For example, because vehicles primarily driven for short-distance trips carry sizable and heavy batteries mounted in the vehicles relative to the battery energy needed to operate the vehicles, the vehicles are put at a disadvantage in terms of fuel economy.

To address this issue, a structure may allow the mounting and removal of a plurality of batteries. However, foreign matters may enter the underbody of the vehicle while a battery is removed.

When an area is exposed under the vehicle in this manner, foreign matters may enter through the exposed area from the outside and get stuck between the batteries and the chassis frame or accumulate on the batteries.

Therefore, when replacing a battery at a battery replacement station, there is a concern about foreign matters either falling into the station or entering during the battery replacement process.

The matters described above as background technology are intended to provide a better understanding of the background of the present disclosure and should not be considered as acknowledging that the present disclosure and the background information provided herein pertain to the prior art as defined by the patent statute.

SUMMARY

The present disclosure relates to an electric vehicle body configured to minimize the entry of foreign matters into a replaceable battery pack while facilitating battery pack replacement.

An embodiment of the present disclosure can resolve the issues described above by providing an electric vehicle body configured to minimize the entry of foreign matters into a replaceable battery pack while facilitating battery pack replacement.

An electric vehicle body according to an embodiment of the present disclosure includes at least one battery pack removably mounted on a chassis frame, a cover bracket extending on one side of the battery pack, and an undercover extending on one side of another battery pack adjacent to the battery pack and overlapping the cover bracket to seal off a gap formed between the battery pack and the other battery pack.

A hollow insertion tube may be formed on the cover bracket and an insertion protrusion may be formed on the undercover so that the insertion protrusion may be inserted into the insertion tube.

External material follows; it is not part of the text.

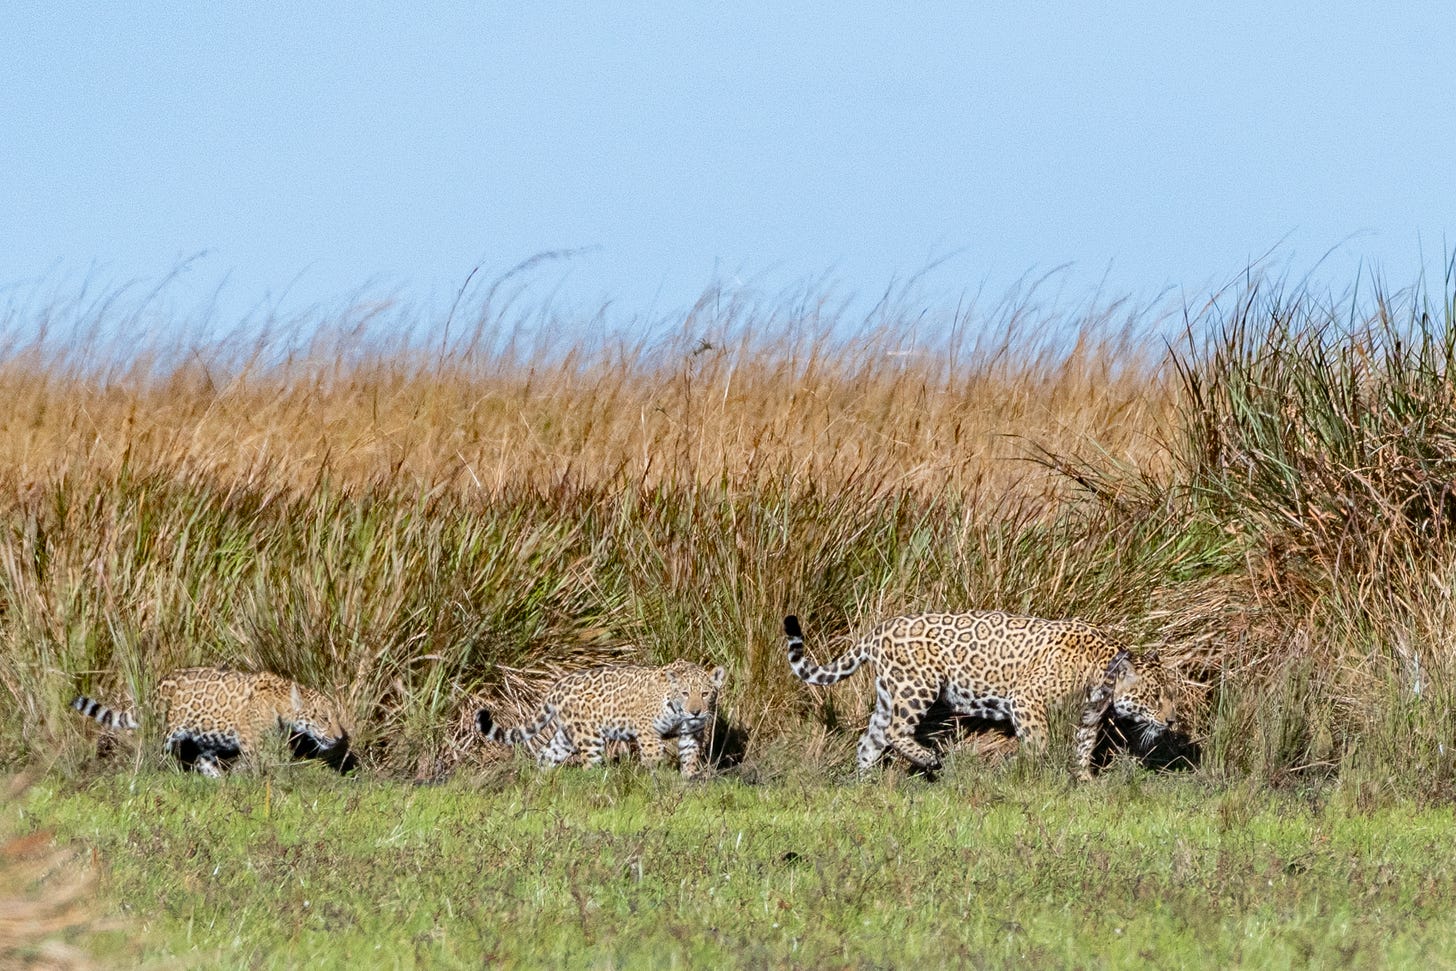 A jaguar and two cubs walking through high grass under a blue sky

The insertion tube may protrude from the top surface of the cover bracket and the insertion protrusion may protrude from the top surface of the undercover so that the insertion protrusion may be inserted into the insertion tube as the undercover overlaps the lower portion of the cover bracket.

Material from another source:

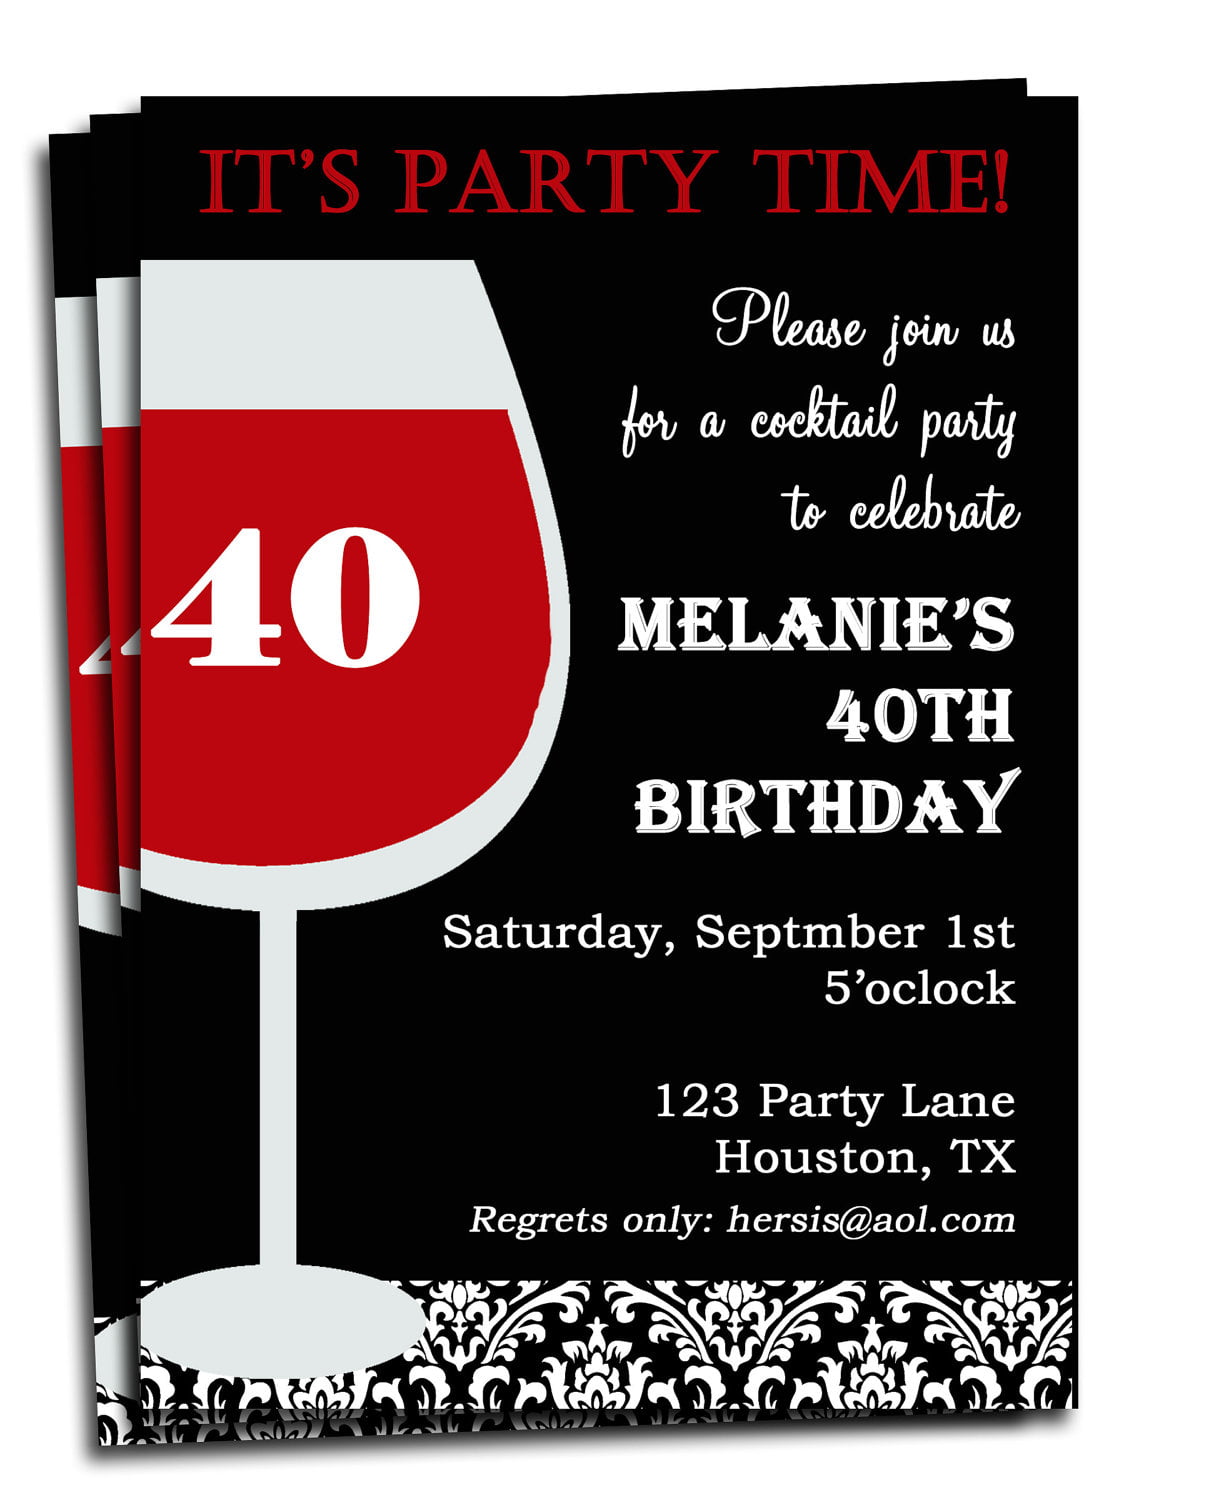 FREE Printable Personalized Birthday Invitations for Adults | FREE Invitation Templates - Drevio

An inner protrusion may be formed on the inner surface of the insertion tube and an outer protrusion may be formed on the outer surface of the insertion protrusion so that the outer protrusion may catch on the upper end of the inner protrusion.

A transverse member of the chassis frame may be provided in the right-left direction, and the upper end of the insertion protrusion may be connected to the lower end of the transverse member.

A first connection hole may be formed at the lower end of the transverse member and a ring-shaped first elastic structure may be fixed to the inner surface of the connection hole so that the insertion protrusion may be inserted into the first elastic structure to be connected thereto.

The width of the undercover may be equal to the width of the gap.

The bottom of the undercover may be positioned at the same height as or higher than the bottoms of the battery pack and the other battery pack.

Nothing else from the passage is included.